Air Force Academy's First Woman Chief Takes On Sexual Assault
MICHEL MARTIN, HOST:
This is TELL ME MORE from NPR News. I'm Michel Martin. All month long we've been featuring conversations about women in tech, and we've brought that conversation to Twitter using the hash tag #NPRWIT. Today, we bring you a conversation with a woman who's broken many glass ceilings on her way to becoming the first female superintendent of the United States Air Force Academy. Lieutenant General Michelle Johnson's accomplishments are too numerous to list in this short space.
She was a standout basketball star, the second all-time leading point scorer at the Air Force Academy. She was the first female Rhodes scholar from the Air Force Academy. She served as NATO's deputy chief of staff for Operations and Intelligence in Belgium in 2011. And in case you were wondering, she's also the mother of twins. And somehow, she found time out to sit down with us, and she is with us now. Lieutenant General Michelle Johnson, thank you so much for joining us, and thank you for your service.
LIEUTENANT GENERAL MICHELLE JOHNSON: It's my complete pleasure to be with you. Thank you so much for asking me in.

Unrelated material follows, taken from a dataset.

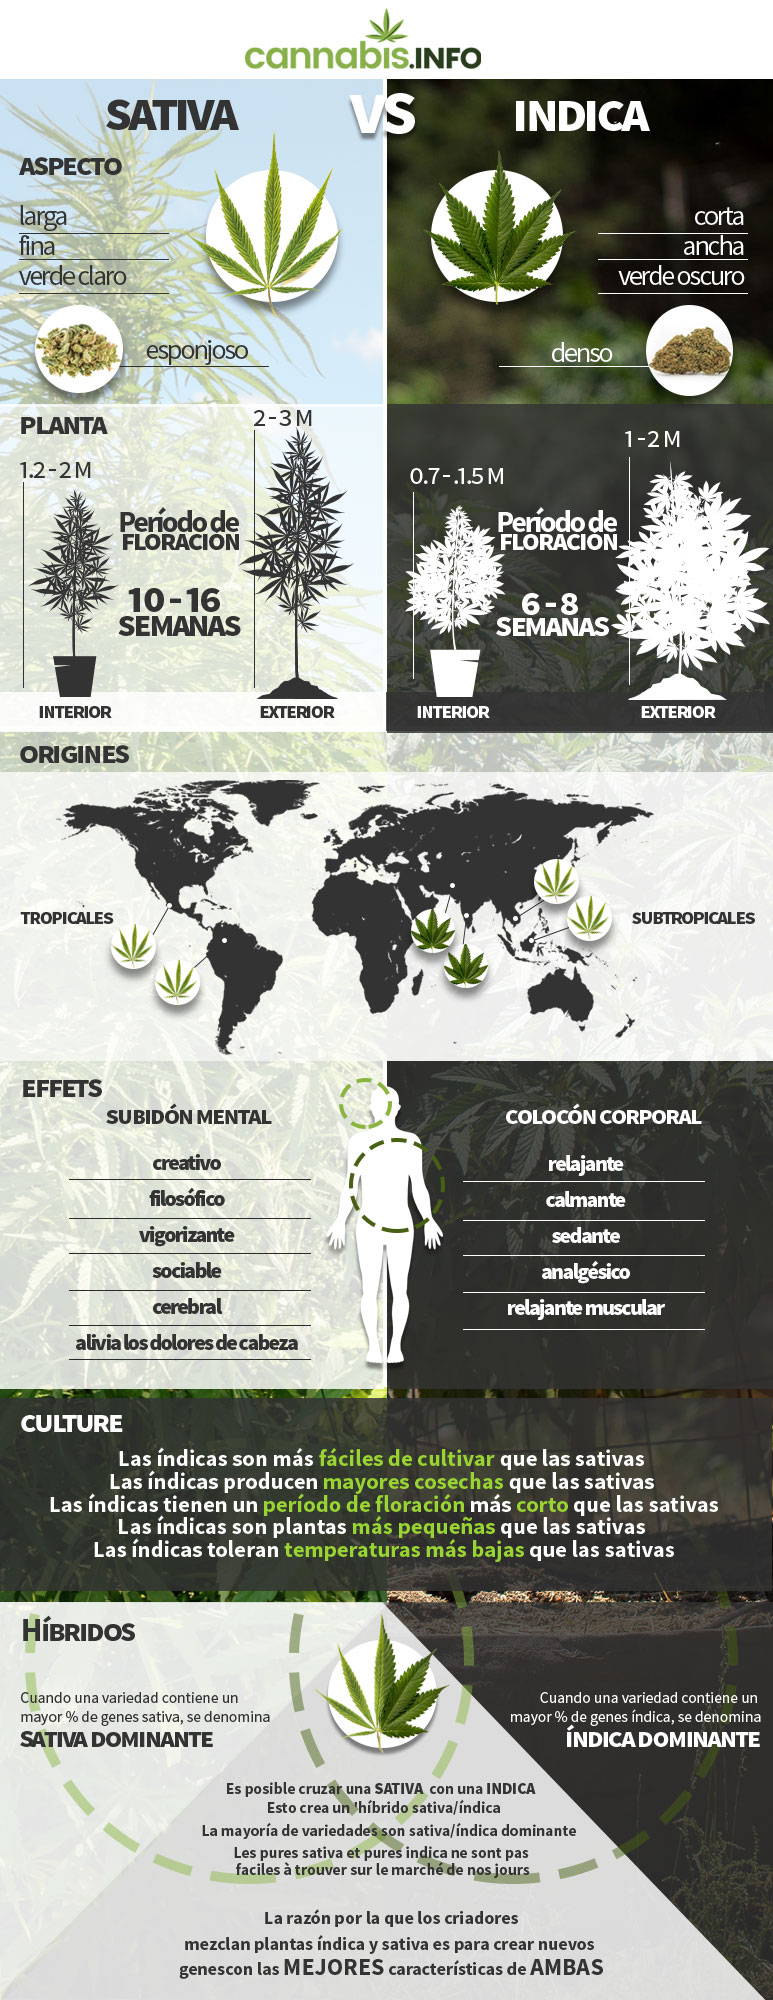 Infografía: diferencias cannabis sativa y índica

MARTIN: Would you tell us how you became interested in a career in the military, and specifically the Air Force?
JOHNSON: Right, well, for those of us of a certain vintage, you remember the '70s, President Ford signed legislation in 1975 allowing women to attend the federal service academies. And when I was a teenager, I didn't necessarily follow that closely. I realized the implications. But I did go to a career day at my high school in Spencer, Iowa, and a liaison officer from the academy said this possibility was there. My family really did not have a military background. But it seemed an opportunity to serve but also to get a great education, but also to be able to play basketball, frankly, and to play at the college level, which wasn't so common back in the '70s.
MARTIN: You remember the Air Force's second class to enroll women to train for a career as an officer. Do you mind if we ask you what the environment was like and were there ever moments when you wondered if you'd made the right decision?

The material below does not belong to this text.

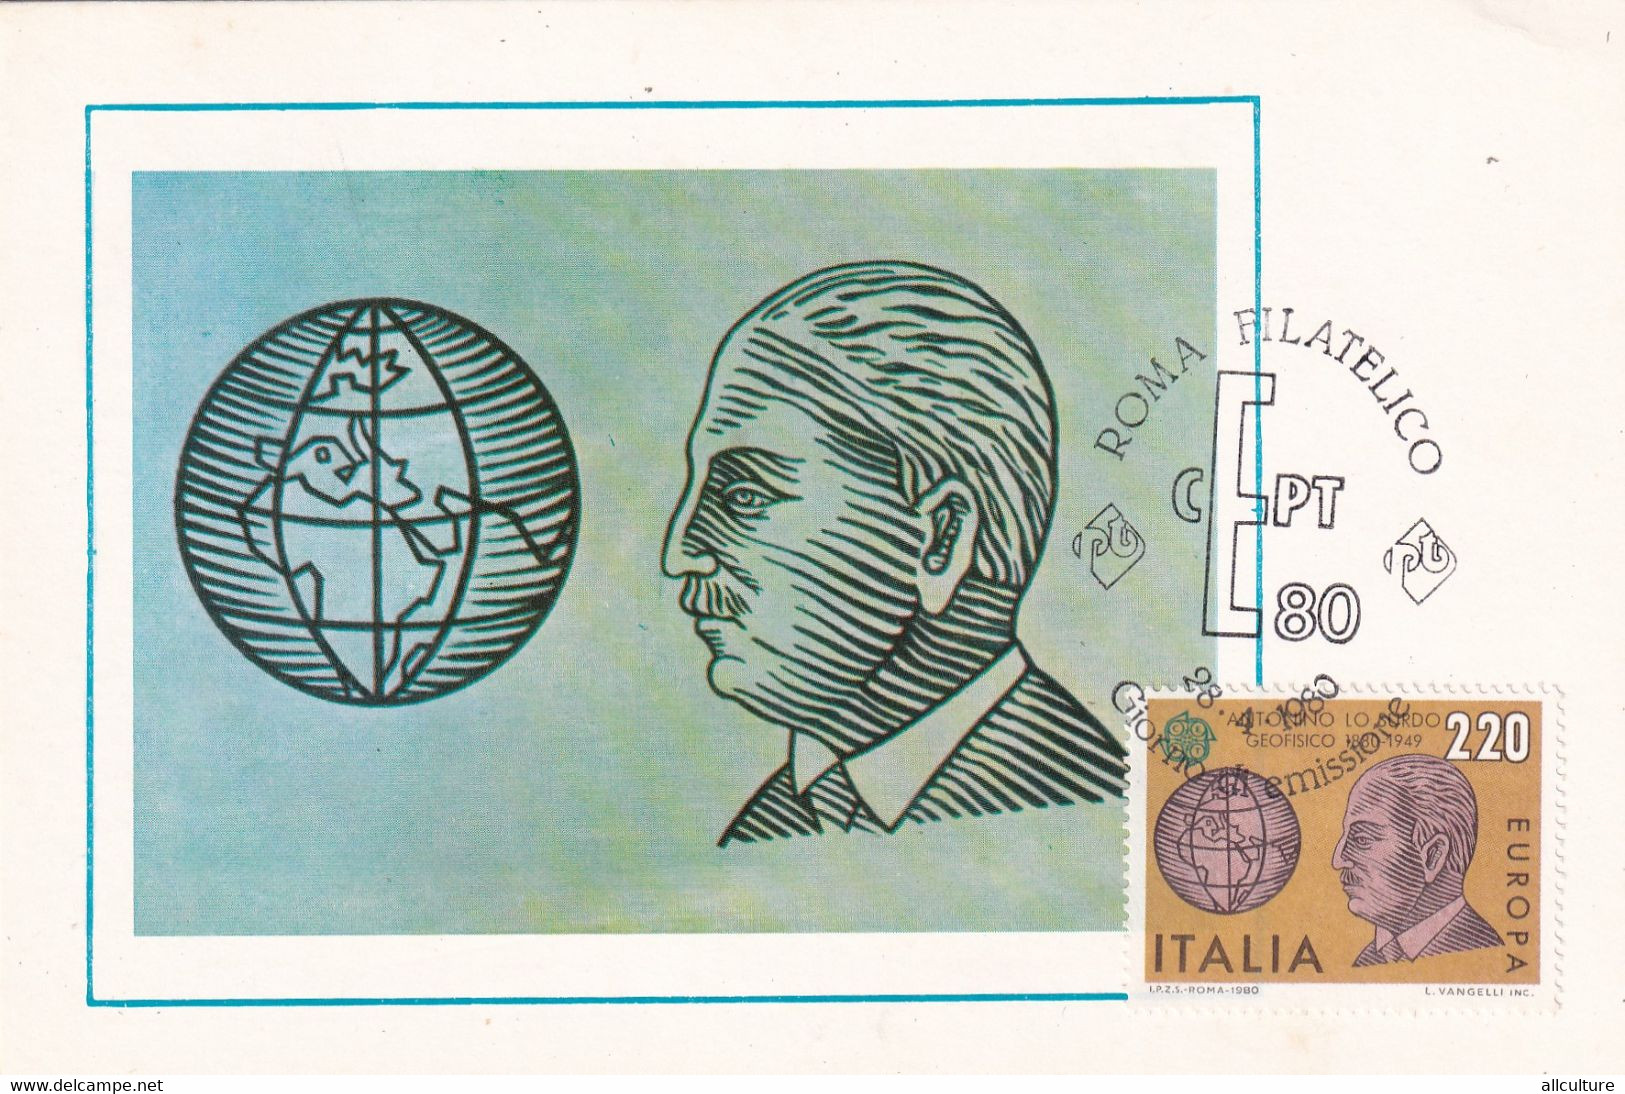 A10908- ANTONINO LO SURDO, GEOPHYSICAL, ROMA FILATELICO 1980 MAXIMUM CARD ITALIA  USED STAMPS - Cartes-Maximum (CM)

JOHNSON: I have to say yes to the latter because it was a time of tremendous change. Time has given me the perspective to understand that people act out sometimes really hostilely and violently regarding change. So when I entered the academy, I faced many people who questioned why people like me were here, and when we said for the same reasons anyone else comes, it was hard to understand. So it was a shock to me to come from being 51 percent of the population in Iowa to being a minority of about 10 percent. And so quite a reverse to what's in normal college demographics.
MARTIN: I wanted to ask you about that because the class entering the Air Force Academy today, the class of 2017, about 24 percent are females so, of course, the rest are male.

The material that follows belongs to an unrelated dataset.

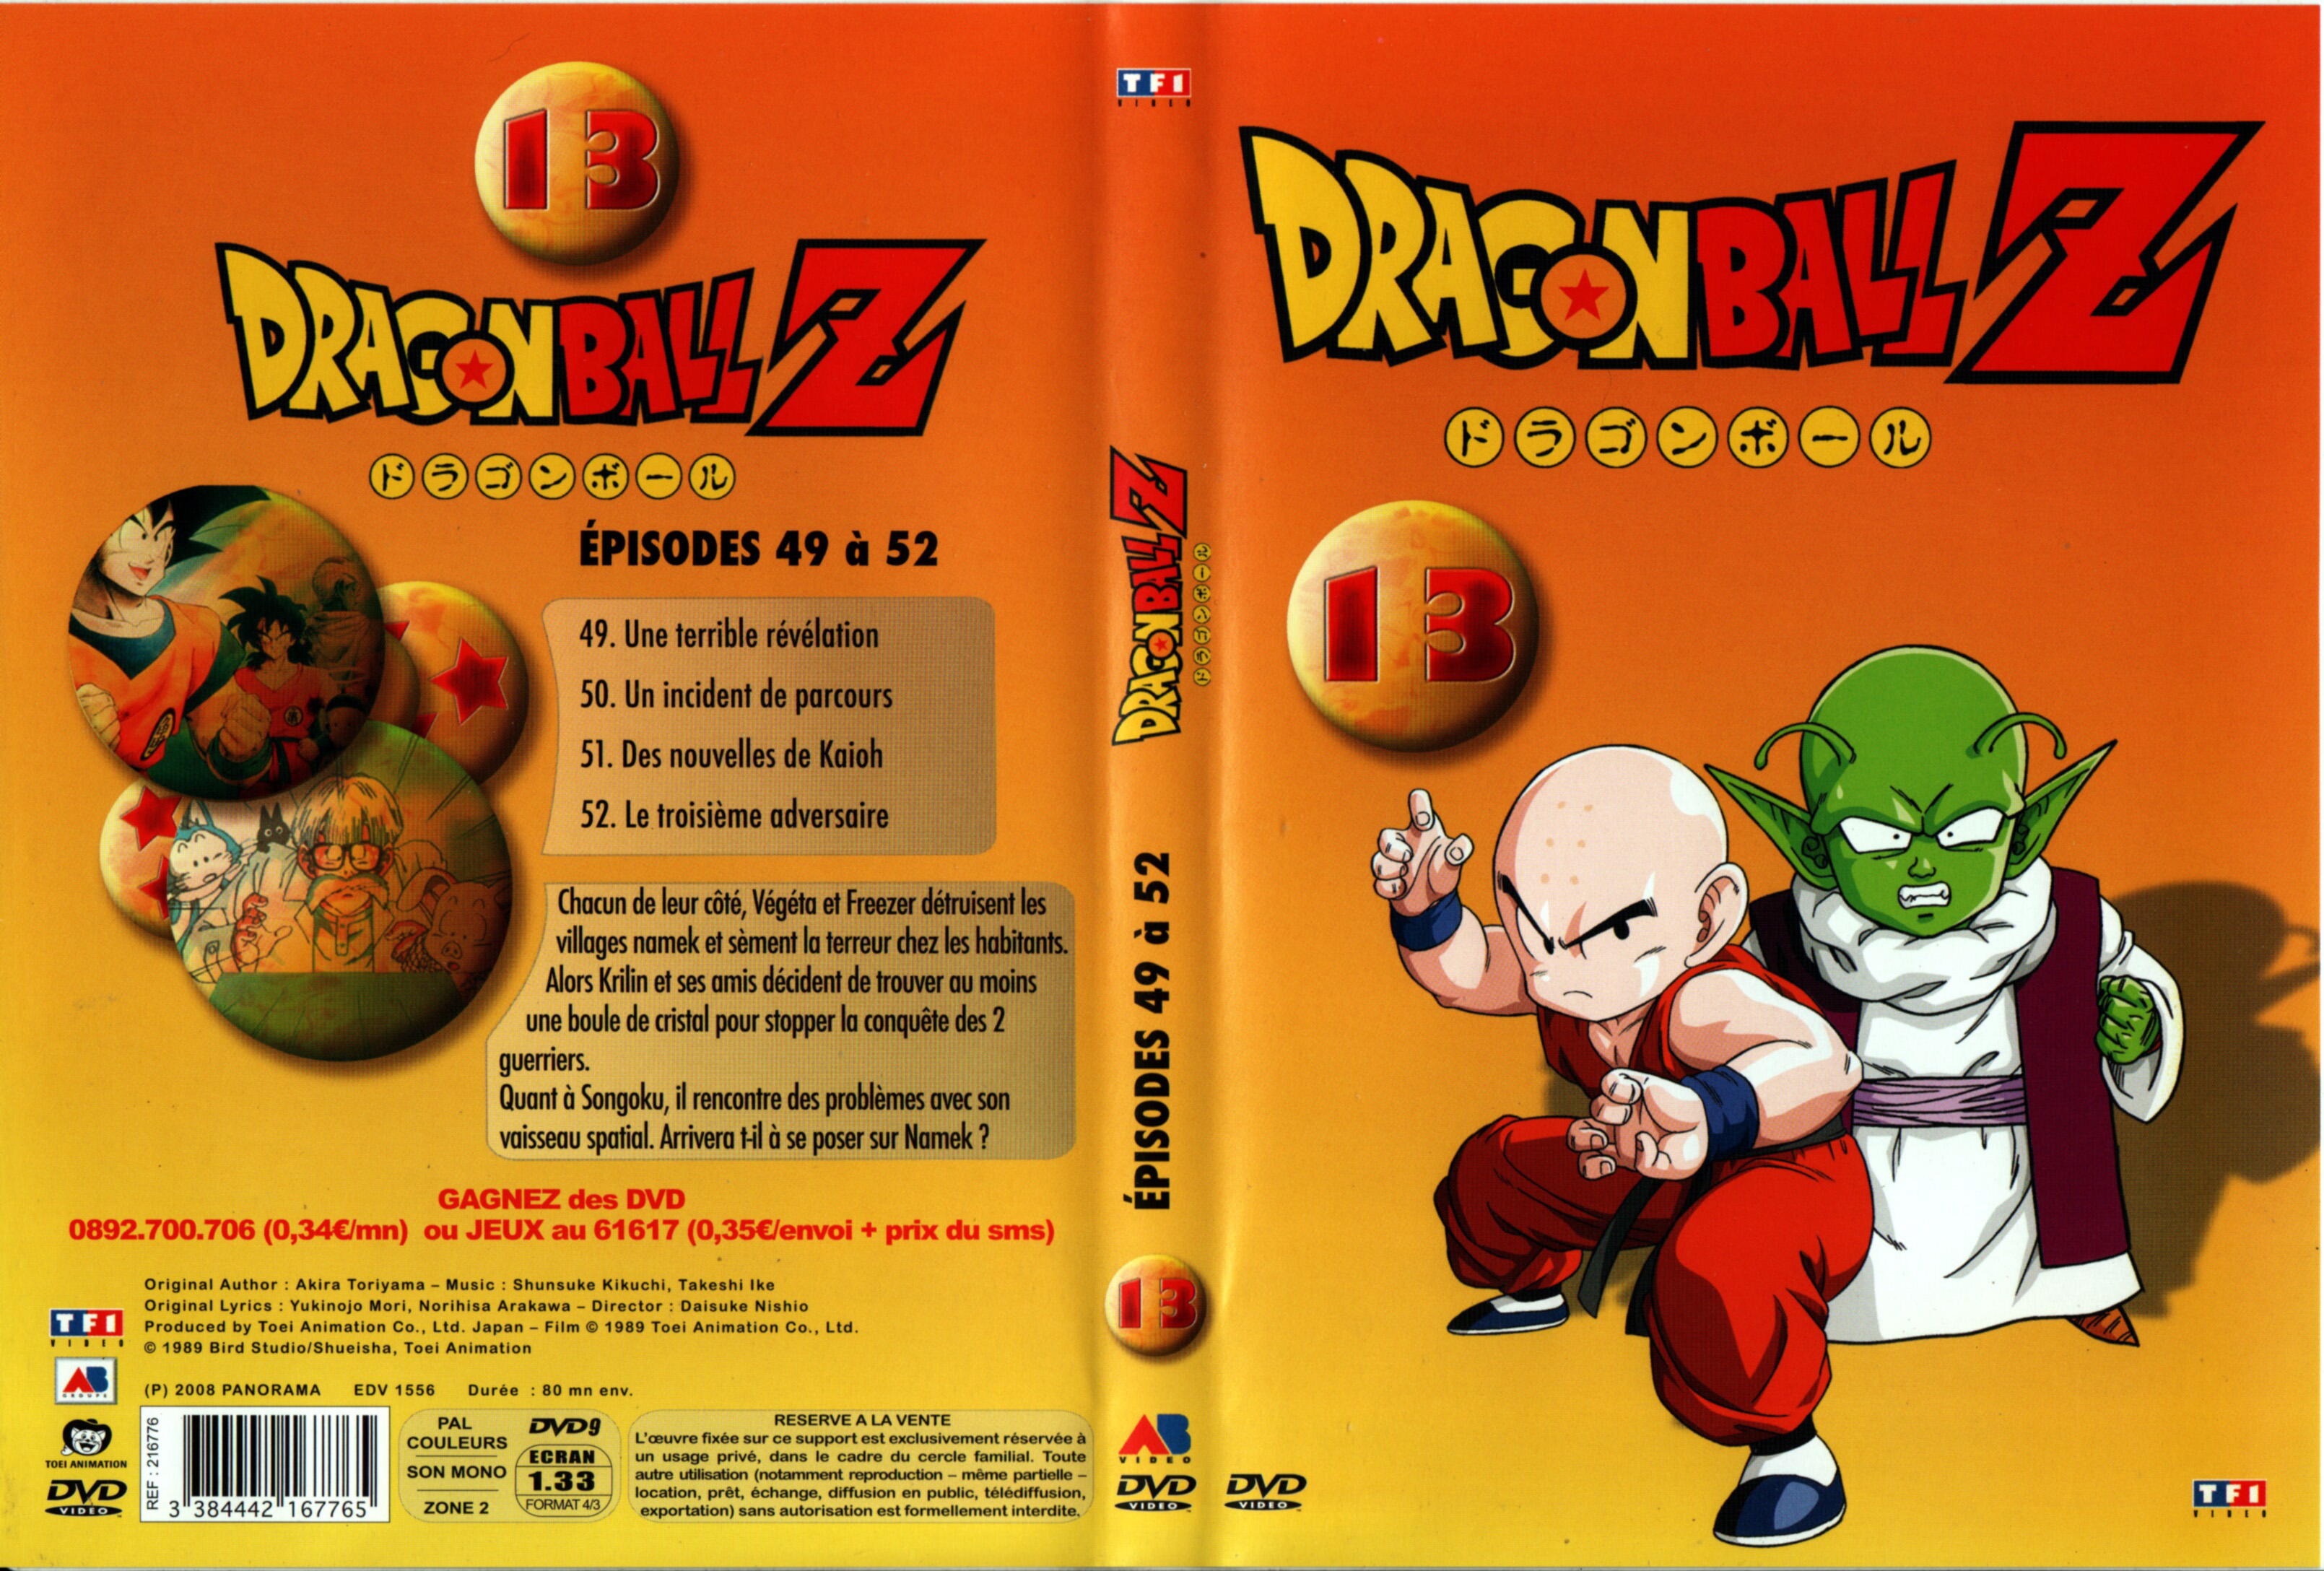 Jaquette DVD Dragon Ball Z vol 13 v2

MARTIN: Most college campuses, women are at least equal, and in many, they are the majority. And they are the majority of people getting degrees. And I just wanted to ask you why you think it is that at your institution there's still such a distinct gender imbalance.
JOHNSON: One of the things that's very eye-opening for people when they learn more about all the service academies - that includes West Point for the Army, Annapolis for Navy and obviously Colorado Springs for the Air Force Academy - is that our accessions process looks more like the electoral college than one linear order of merit. The way people come into the service academies is through congressional nominations, whether it by the Senate or the members of the House.
We look at diversity based on socioeconomic factors, as well as, you know, race, gender, age, nationality and that sort of thing. And so we have about 30 percent of our cadet wing are people of color, minorities, and about 23 percent are women. And we cannot specifically target particular groups, but we can target underrepresented congressional districts and hopefully allow people, you know, a little bit like me, who maybe hadn't considered the possibilities of getting this great education, serve for five years and get to see the bigger world and see something greater than themselves and then go about their business if they want. Or, if they're like me, they stay in much longer.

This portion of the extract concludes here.